O que muda para você? 🔎
• Menores nascidos após a Lei 36: Tendem a se enquadrar nos critérios de isenção da taxa e de prazo ampliado, conforme o texto aprovado, sujeito à regulamentação consular.
• Menores nascidos antes da Lei 36: Podem não ser automaticamente incluídos nos benefícios. Em muitos casos, pode continuar sendo exigida a taxa de 250€ e a observância dos prazos tradicionais.

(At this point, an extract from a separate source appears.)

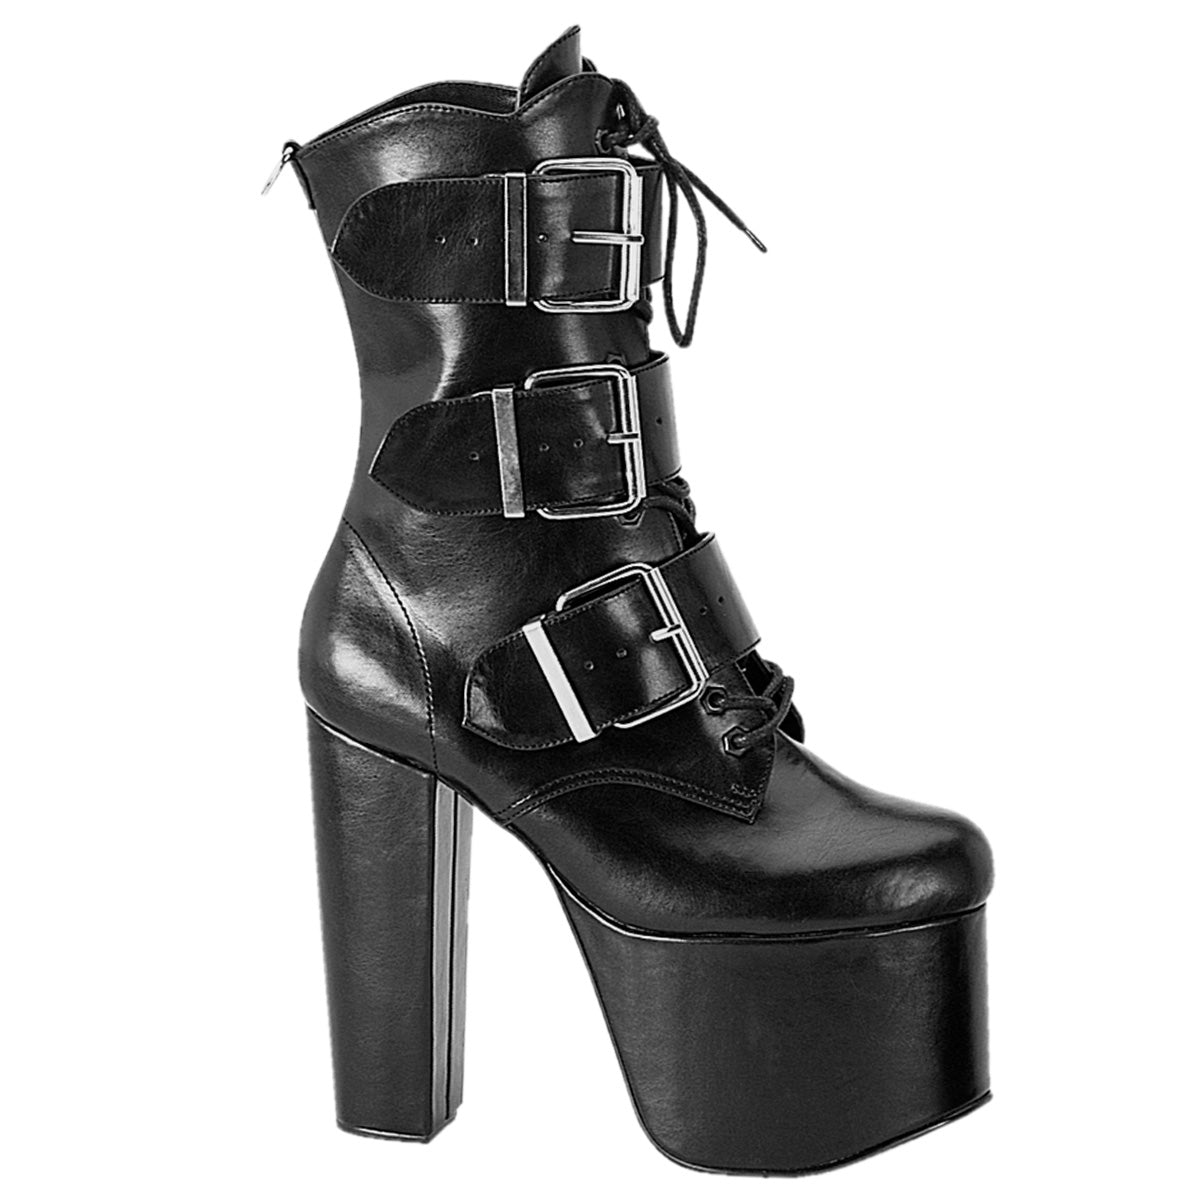 DemoniaCult TORMENT 703 - From DemoniaCult Sold By Alternative Footwear

• Casos em andamento: A aplicação prática pode variar por consulado. É fundamental confirmar localmente como a norma será implementada.
O que fazer agora 🧩
• Verifique a data de entrada em vigor da Lei 36 e compare com a data de nascimento do menor. Esse é o principal critério de enquadramento. ⏱️
• Consulte o consulado responsável (sites oficiais e canais de atendimento) para confirmar isenção de taxa e prazo aplicável. 📞
• Organize a documentação: certidões em inteiro teor, traduções juramentadas e apostilamento, para evitar perda de prazos. 🧾
• Caso não haja isenção, inclua a taxa de 250€ no planejamento financeiro familiar. 💶
• Guarde comprovantes de protocolo e acompanhe atualizações oficiais, pois a aplicação consular pode evoluir. 🗂️
• Em situações complexas, busque orientação especializada para reduzir riscos e cumprir prazos. 👩⚖️
Recado final 💡: A regra ficou mais restritiva e ainda exige atenção aos detalhes. Com informação atualizada, planejamento e documentação organizada, é possível tomar decisões mais seguras e evitar surpresas.